What the de-rating factors decide
Capacity markets are won or lost in the de-rating methodology. A 100 MW / 400 MWh battery is not 100 MW of firm capacity at the 18:00 stress hour unless the state-of-charge trajectory across the preceding day permits it. GB uses duration-dependent de-rating, where a 2-hour system is credited materially lower than a 4-hour one. Ireland uses a stricter availability test. Spain’s draft CNMC methodology follows the GB template with an Iberian probabilistic run on REE’s scarcity hours. 2-hour BESS will likely de-rate into the 40–60% range; 4-hour into 70–85%; 6-hour close to 95%. Those numbers drive duration sizing decisions on every project still in pre-design.
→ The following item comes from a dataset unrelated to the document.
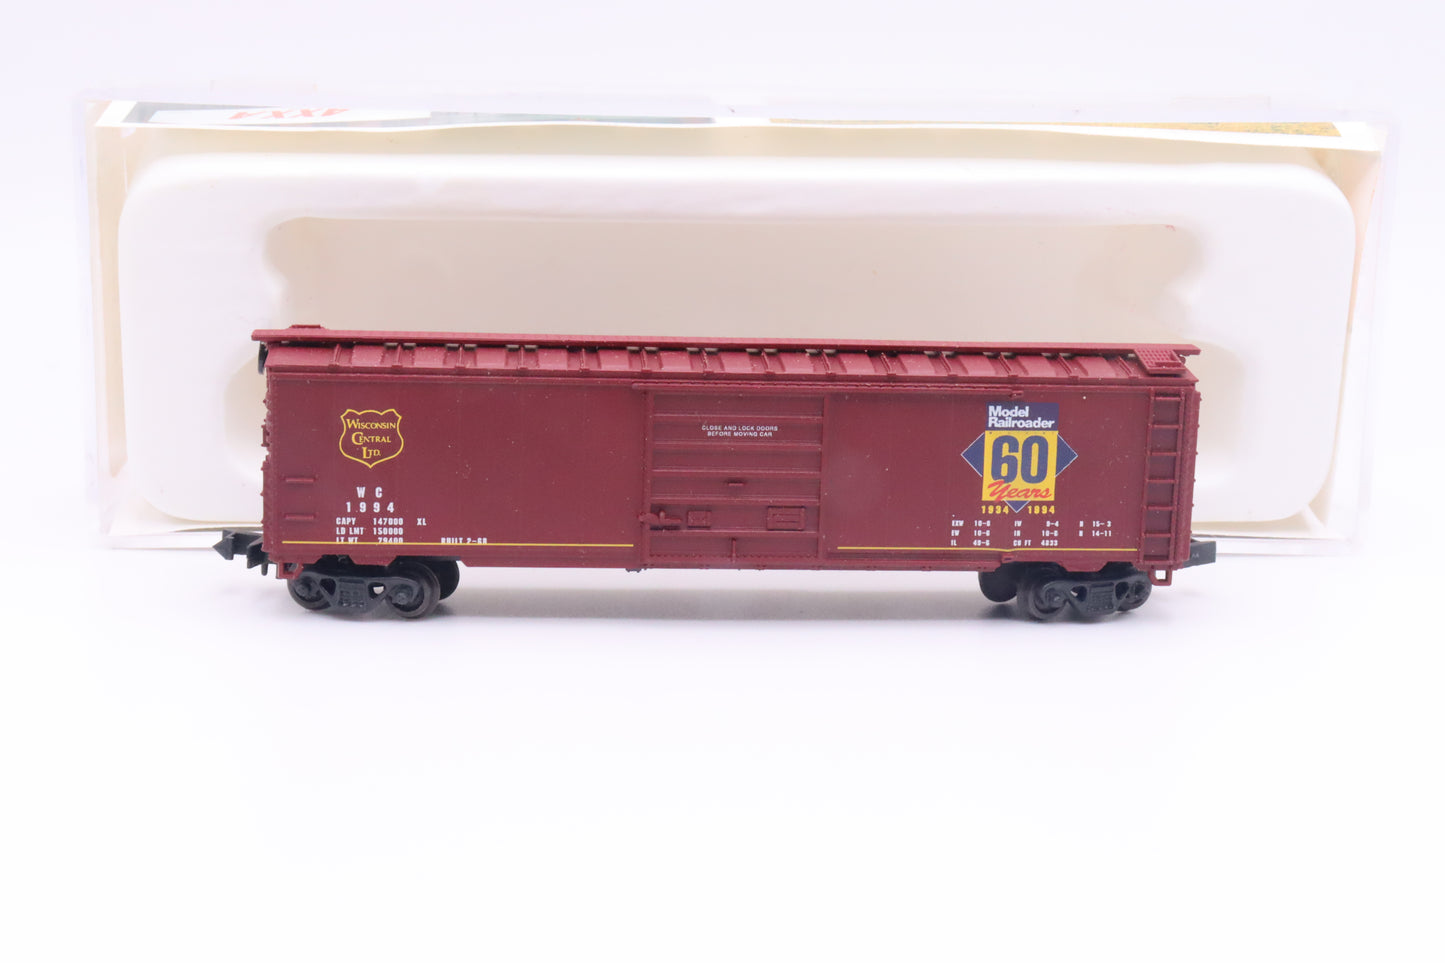 CC-1-145102 - 50' Panel Door Boxcar - Model Railroader 60th Anniversary - WC-1994

Cannibalisation - the real risk
As BESS capacity scales, arbitrage spreads narrow. Capacity payments are supposed to compensate for the component of revenue that thins as competitors arrive. The open question is whether the cleared capacity price will track the true missing-money curve or lag it. In GB the capacity market has consistently cleared below the missing-money curve implied by fundamentals, which is why GB BESS projects still lean heavily on ancillary services and merchant arbitrage. Spain is likely to follow a similar pattern in 2026–2028, with capacity clearing lower than the modelled missing-money threshold in the early auctions while the market builds out de-rating credibility. Projects modelled in 2025 against a 15-year low-€10k/MW/year assumption should stress-test at 30–40% below that number.
What developers should watch in 2026
Three documents: the CNMC final methodology on de-rating factors; the MITECO auction design, including volume cap and clearing rule; and the first list of qualified bidders. Every number on a pro-forma model is sensitive to those three. A well-designed auction will materially accelerate the Spanish BESS pipeline. A poorly-designed one will leave the sector worse off than it is today, because investors will price in regulatory risk on top of merchant risk. Regulation 2024/1747 binds Spain to have a mechanism; it does not bind anyone to clear it at an efficient price.